*WHAT TO DO:* Repeat precisely the span of lines below that opens with the line containing "SpongeBob SquarePants Surprised" and closes with the line containing "MILAN - T-shirt", both included.

*GIVEN RECORDS:*
==================================================
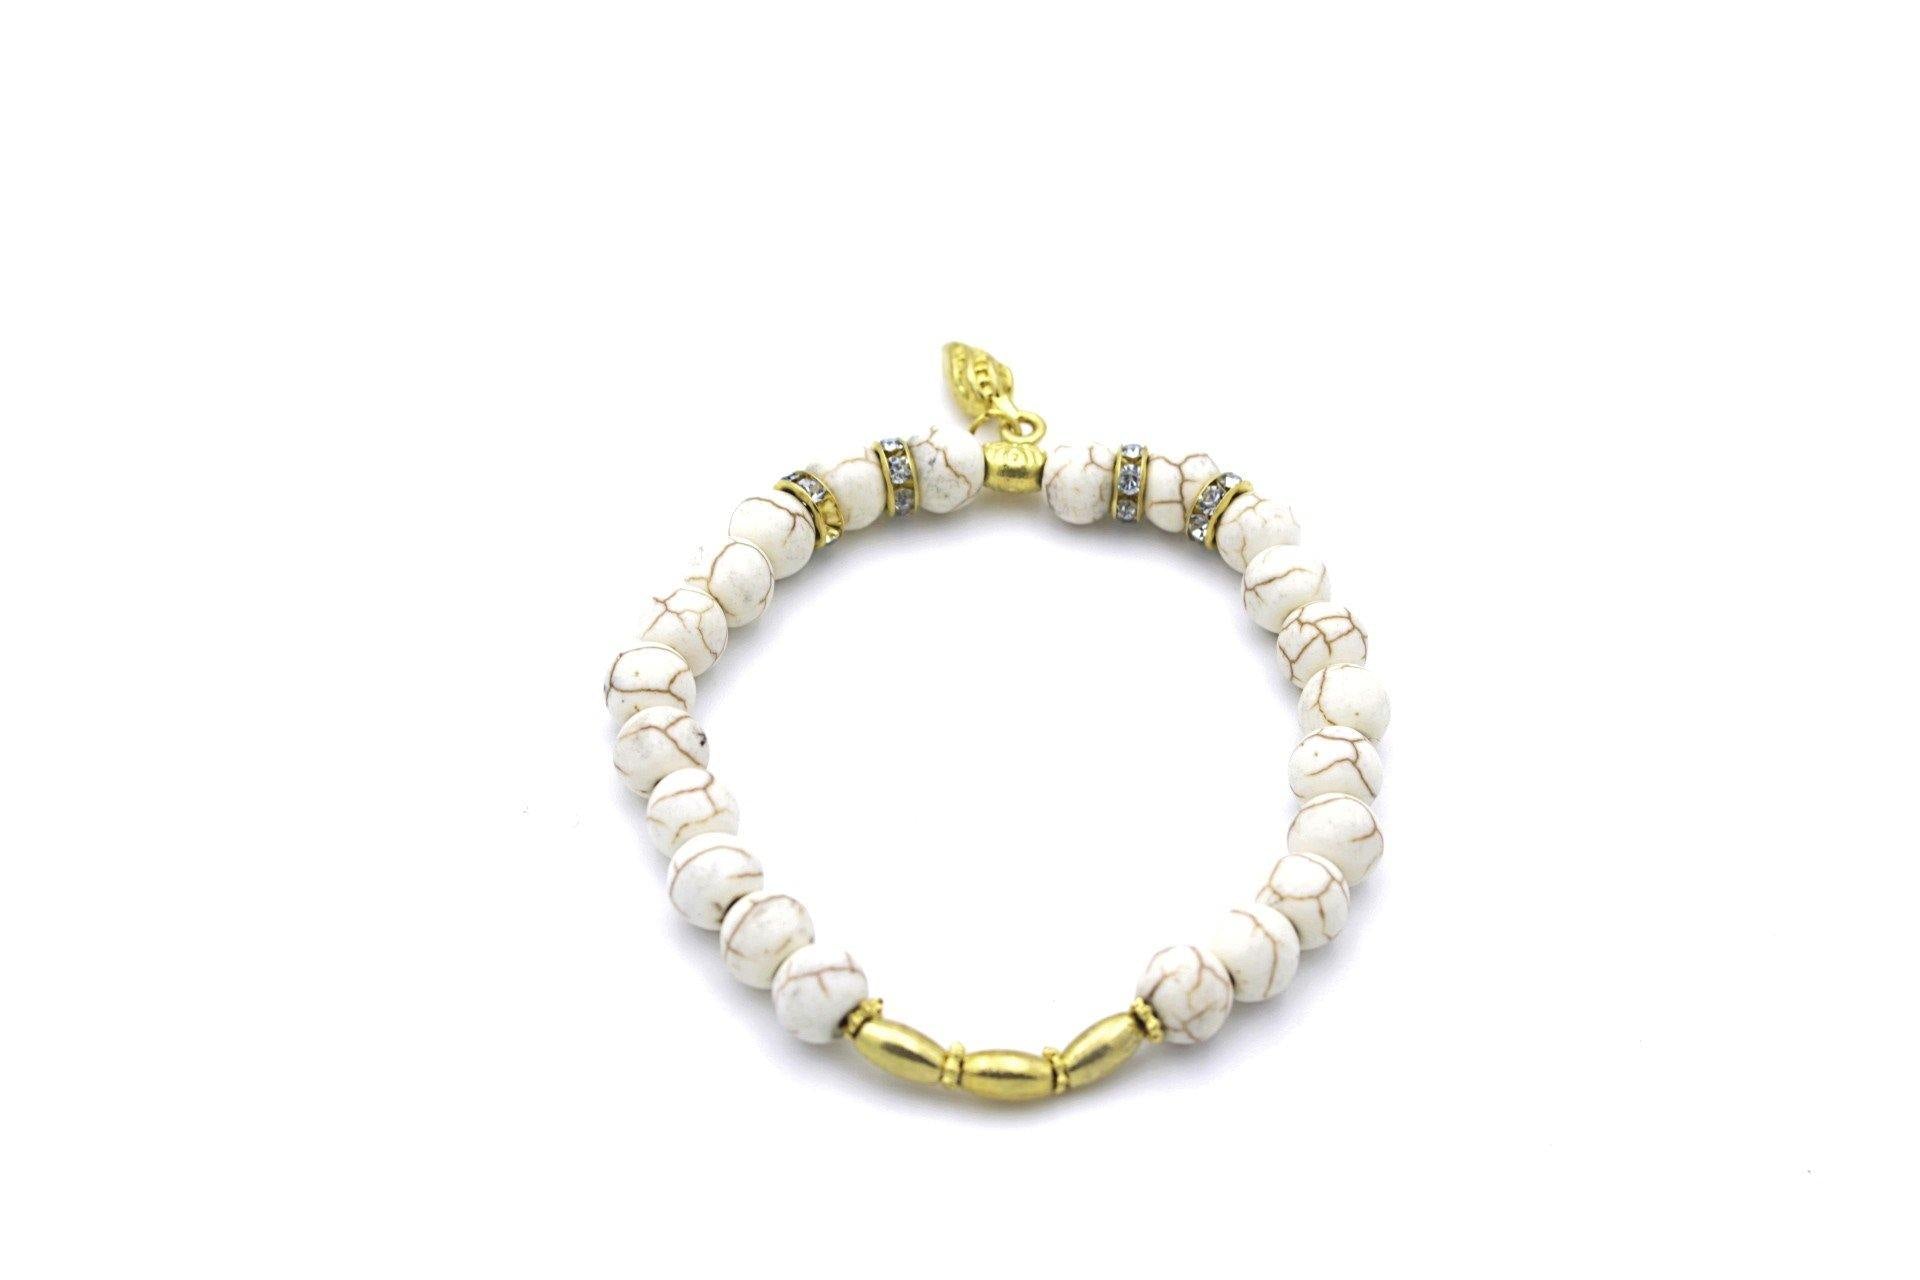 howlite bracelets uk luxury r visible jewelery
==================================================
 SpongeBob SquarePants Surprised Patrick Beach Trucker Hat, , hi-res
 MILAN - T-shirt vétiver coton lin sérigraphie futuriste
==================================================
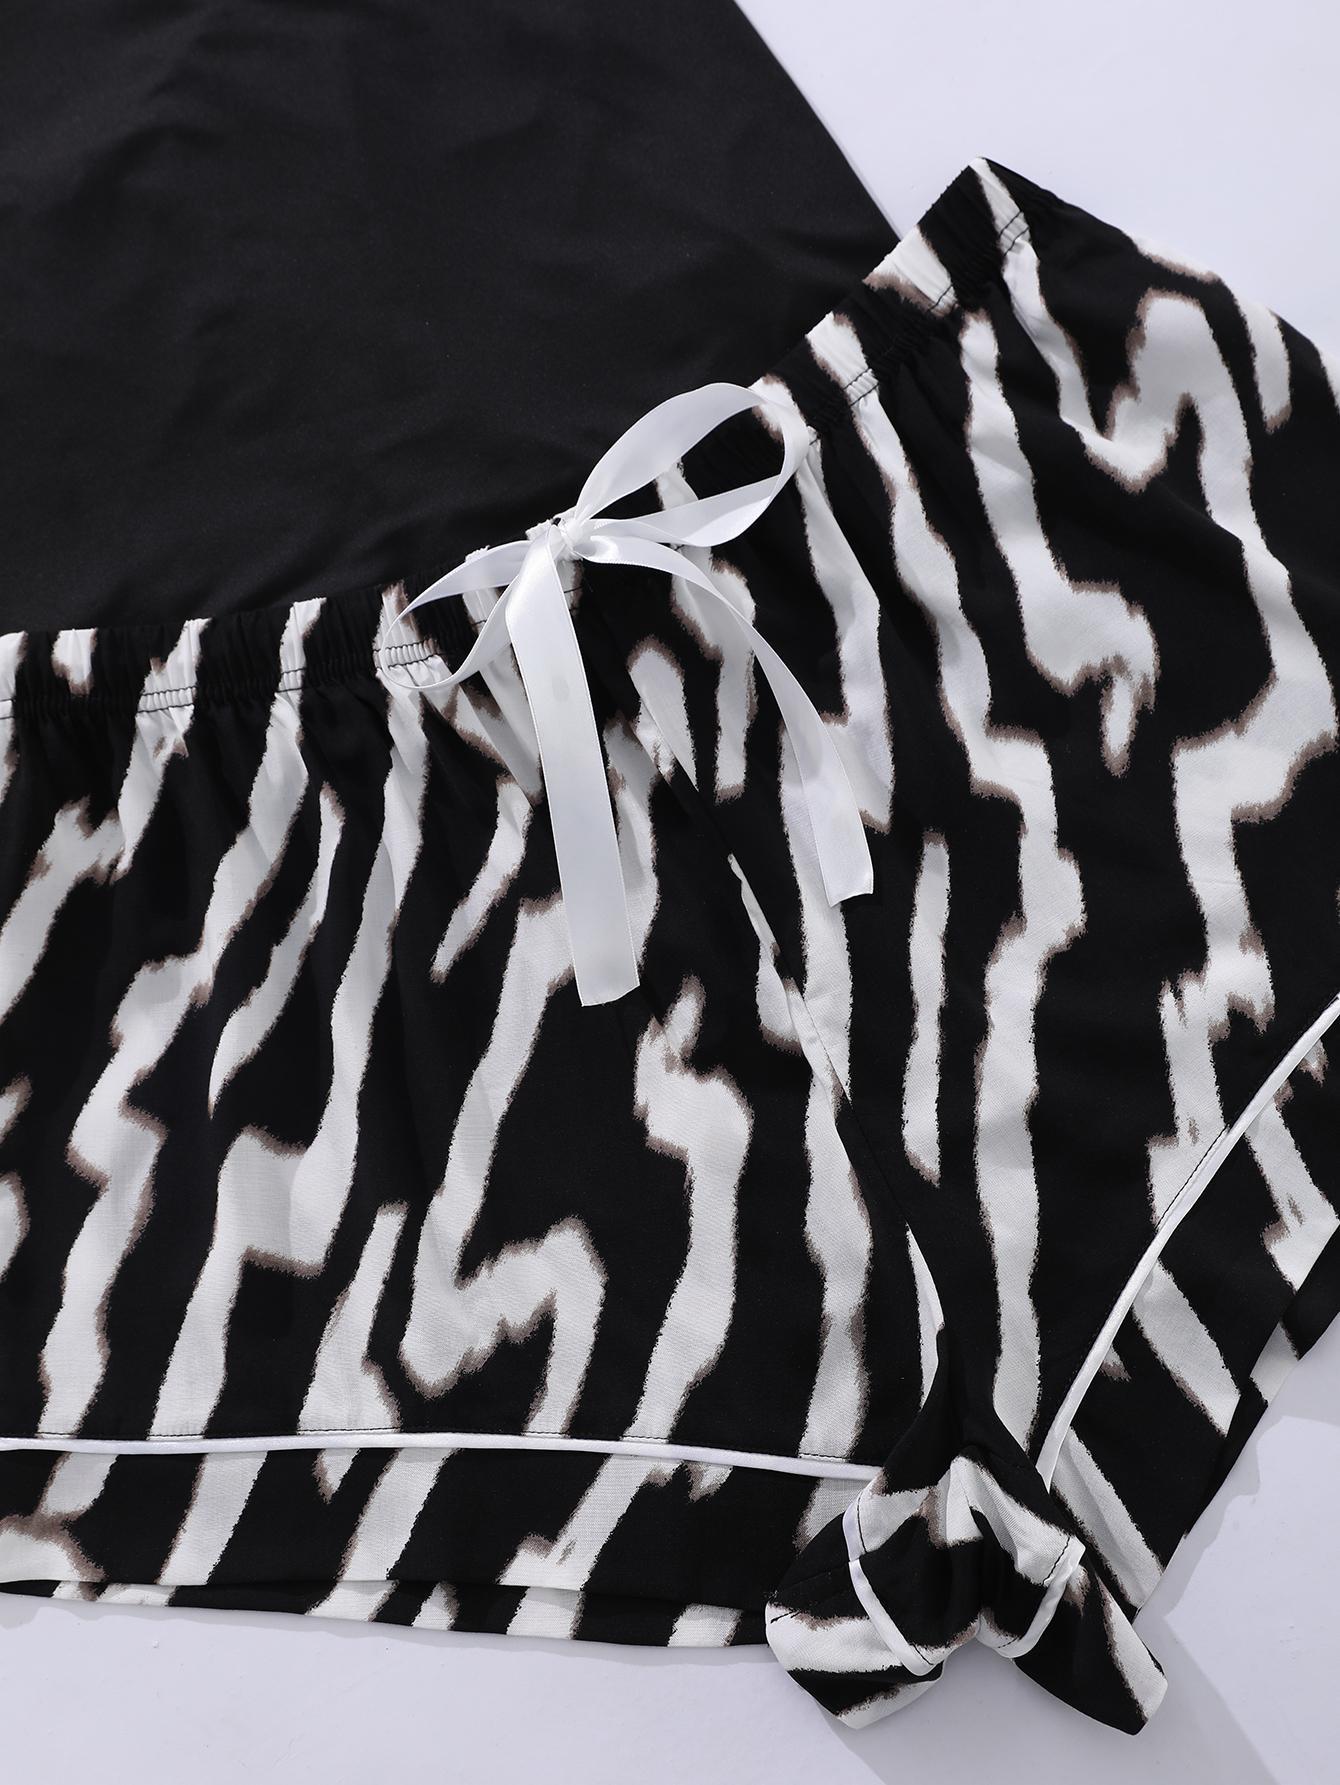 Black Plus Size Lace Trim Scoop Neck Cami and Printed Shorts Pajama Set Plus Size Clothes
==================================================
*SOLUTION FOR THIS PROBLEM:*
 SpongeBob SquarePants Surprised Patrick Beach Trucker Hat, , hi-res
 MILAN - T-shirt vétiver coton lin sérigraphie futuriste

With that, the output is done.